2 . The pancreatin of claim 1 , comprising specific lipase activity of at least about 150 USP IU/mg.
3 . The pancreatin of claim 1 , comprising specific lipase activity is of at least about 200 USP IU/mg.
4 . The pancreatin of claim 1 , comprising specific lipase activity is of at least about 500 USP IU/mg.
5 . A composition comprising the high activity pancreatin of claim 1 .
6 . The composition according to claim 5 , wherein the pancreatin is of porcine origin.
7 . The composition of claim 6 , wherein the composition comprises at least about 9,000 USP IU lipase to about 100,000 USP IU lipase per dosage unit.

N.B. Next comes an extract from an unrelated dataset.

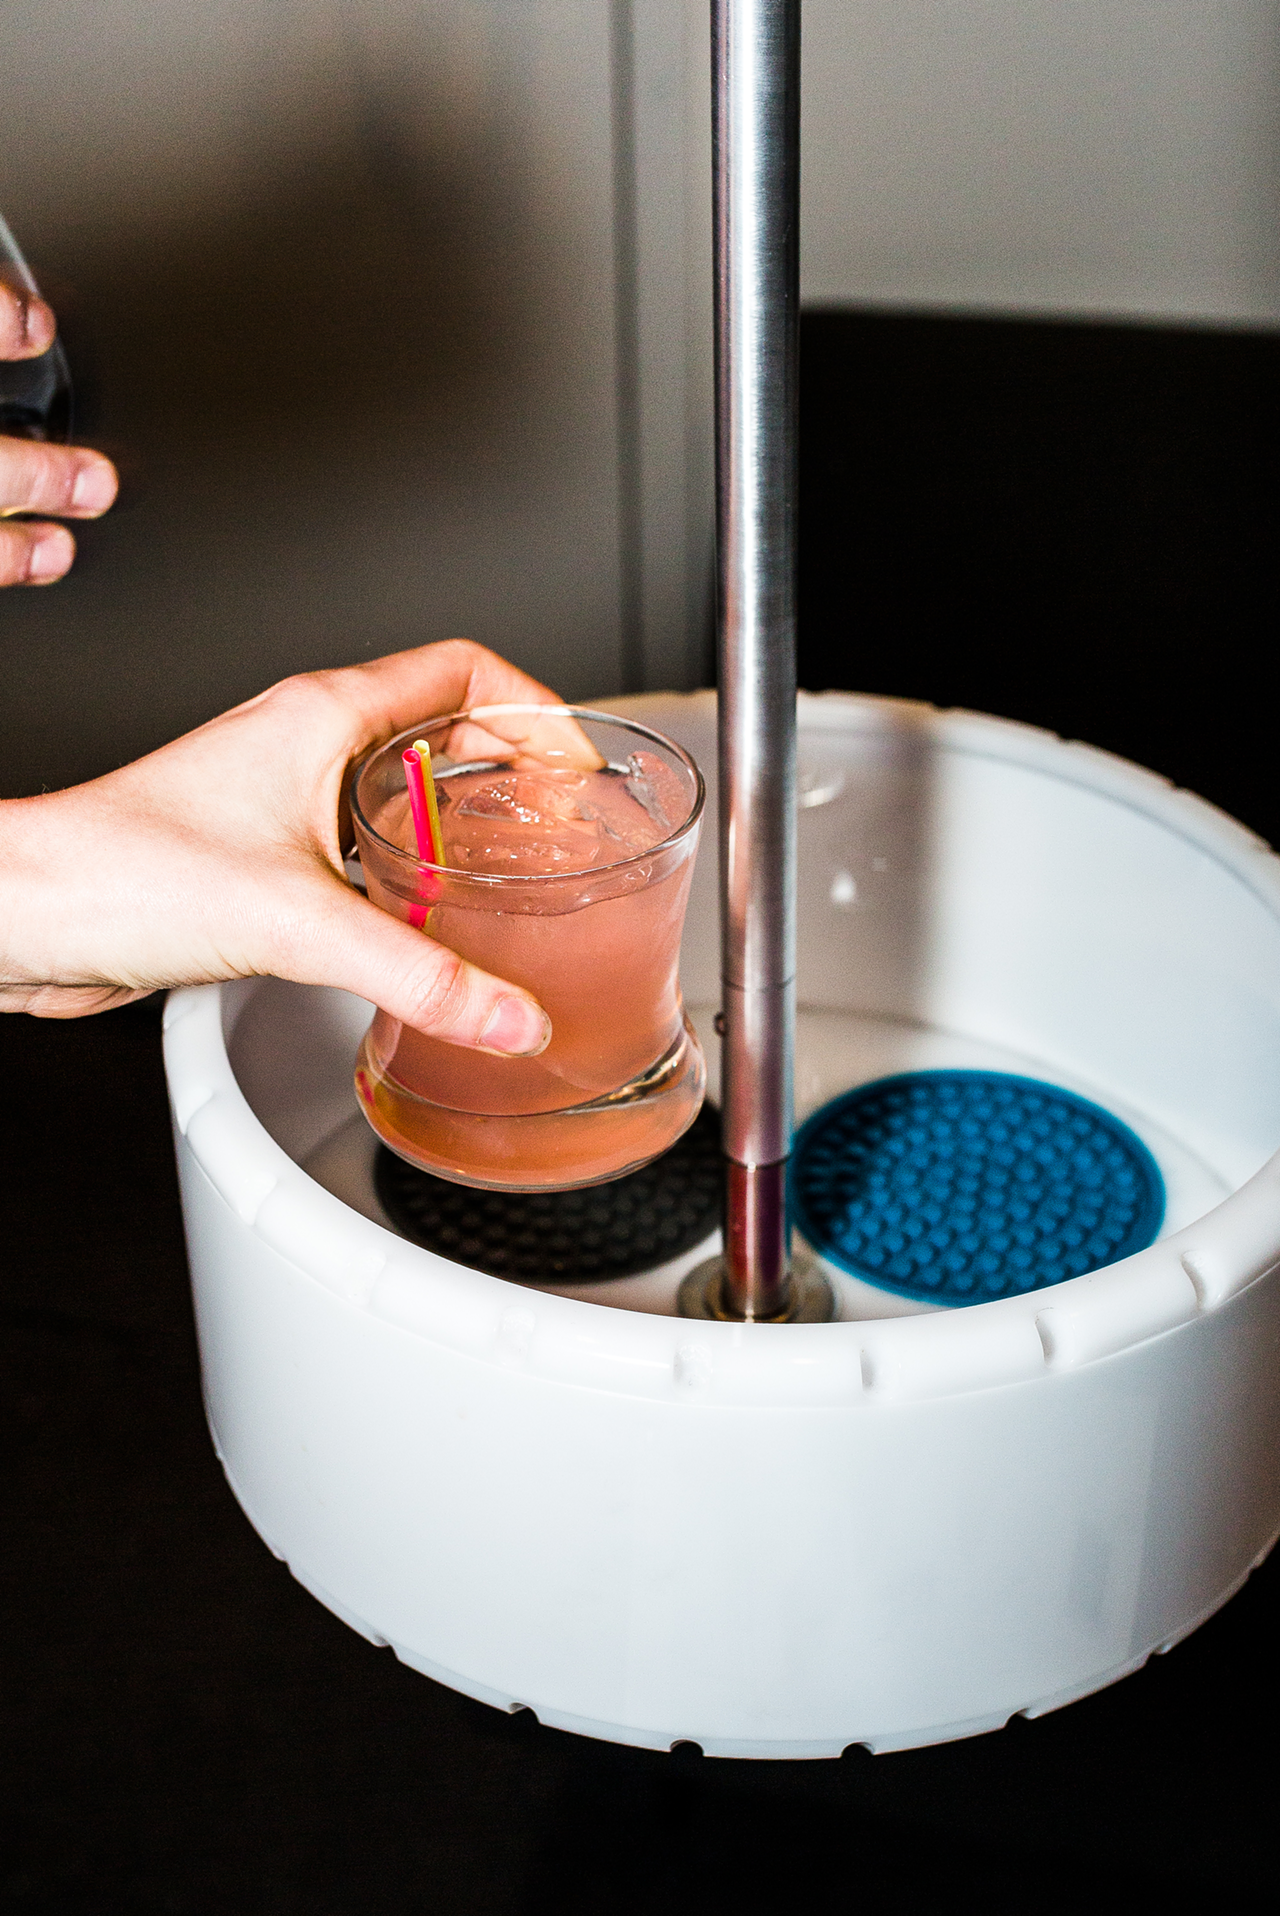 Bbot delivers drinks to private karaoke rooms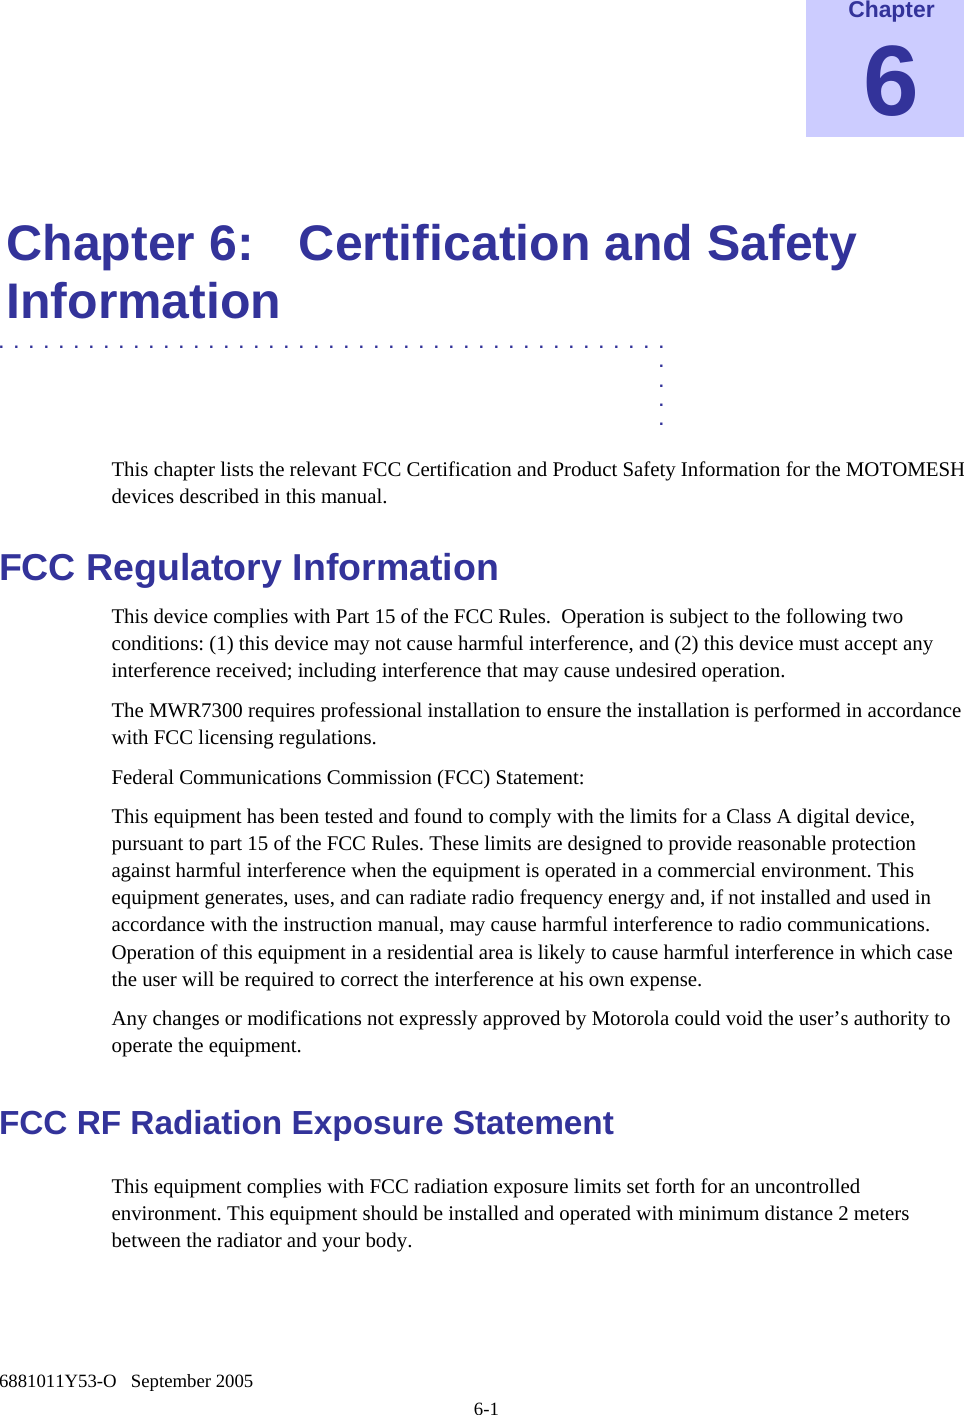    6881011Y53-O   September 2005 6-1 Chapter 6  Chapter 6:  Certification and Safety Information .............................................  .  .  .  . This chapter lists the relevant FCC Certification and Product Safety Information for the MOTOMESH devices described in this manual. FCC Regulatory Information This device complies with Part 15 of the FCC Rules.  Operation is subject to the following two conditions: (1) this device may not cause harmful interference, and (2) this device must accept any interference received; including interference that may cause undesired operation. The MWR7300 requires professional installation to ensure the installation is performed in accordance with FCC licensing regulations.   Federal Communications Commission (FCC) Statement: This equipment has been tested and found to comply with the limits for a Class A digital device, pursuant to part 15 of the FCC Rules. These limits are designed to provide reasonable protection against harmful interference when the equipment is operated in a commercial environment. This equipment generates, uses, and can radiate radio frequency energy and, if not installed and used in accordance with the instruction manual, may cause harmful interference to radio communications. Operation of this equipment in a residential area is likely to cause harmful interference in which case the user will be required to correct the interference at his own expense.  Any changes or modifications not expressly approved by Motorola could void the user’s authority to operate the equipment. FCC RF Radiation Exposure Statement This equipment complies with FCC radiation exposure limits set forth for an uncontrolled environment. This equipment should be installed and operated with minimum distance 2 meters      between the radiator and your body.

8 . The composition of claim 7 , further comprising a plurality of coated particles comprising HA-pancreatin, the said coated particles comprising a core coated with at least one enteric polymer.
9 . The composition according to claim 5 in form of powder, pellets, microspheres, capsules, sachets, tablets, liquid suspensions or liquid solutions.
10 . A process of preparing a high activity pancreatin (HA-pancreatin) having a specific lipase activity of at least about 120 USP IU/mg, comprising treating pancreatin with a solvent having Hildebrand solubility parameter comprised between 28 and 45 (MPa) 0.5 , wherein the said solvent is an organic solvent or an aqueous solvent or a mixture of organic solvents or a mixture of at least one organic solvent and at least one aqueous solvent, wherein the process temperature is below the room temperature.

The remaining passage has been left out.